Voz del viento gutural,
Si encuentras a tu paso algún vestigio
Dile al hombre que lloro su destino.

J'ouvre la fenêtre
Et l'odeur du sang s'accroche au rideaux
Pendant qu'ils rient dehors
Qui a fermé les yeux de la nuit
Avec les coups de pioche furieux du jour ?
Un corps sans visage, un visage sans corps
Un collage de destruction dans les plaines.
Voix du vent guttural,
Si tu trouves sur ton chemin une quelconque trace
Dis à l'homme que je pleure sur son destin

Enfin, Tomáz Garzía fait appel à son talent – et à son ironie – sur son blog Mundo Desgrafiado, en proposant une sombre illustration de la question qui fait référence au Livre Guinness des records [25] [en français] pour accompagner son billet [26] intitulé La Colombie fait son entrée dans le livre Guinness avec un nouveau record : celui de la plus grande fosse commune d'Amérique latine.

Hasta hace unos meses, Colombia era para los extranjeros sinónimo de drogas y café, pero en ambas cosas nos superaron Brasil y Bolivia, respectivamente.

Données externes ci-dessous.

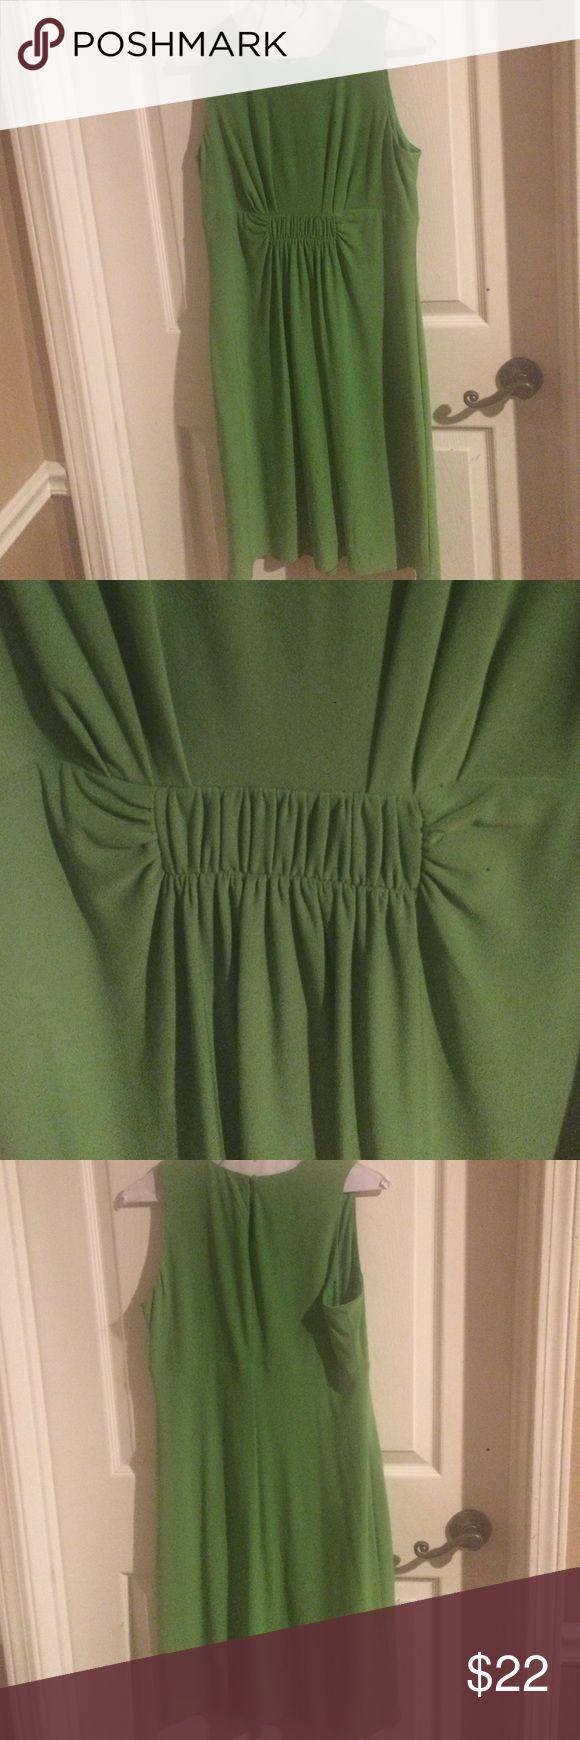 Green sleeveless dress Green, sleeveless dress, size 8, animal & smoke free home Evan Picone Dresses Mini

Por eso, hay que agradecer al gobierno saliente procurar que Colombia fuera recordada por la comunidad internacional gracias a un novedoso, reciente y sorpresivo record: ser la sede de la fosa común más grande de la historia de Latinoamérica.

Il y a quelques mois, la Colombie était pour les étrangers synonyme de drogue et de café mais, dans ces deux domaines, nous avons été respectivement doublés par le Brésil et la Bolivie. C'est pourquoi nous devons remercier le gouvernement sortant, grâce auquel la communauté internationale se rappellera de la Colombie comme de la détentrice d'un nouveau et surprenant record : être le siège de la plus vaste fosse commune de toute l'histoire de l'Amérique latine.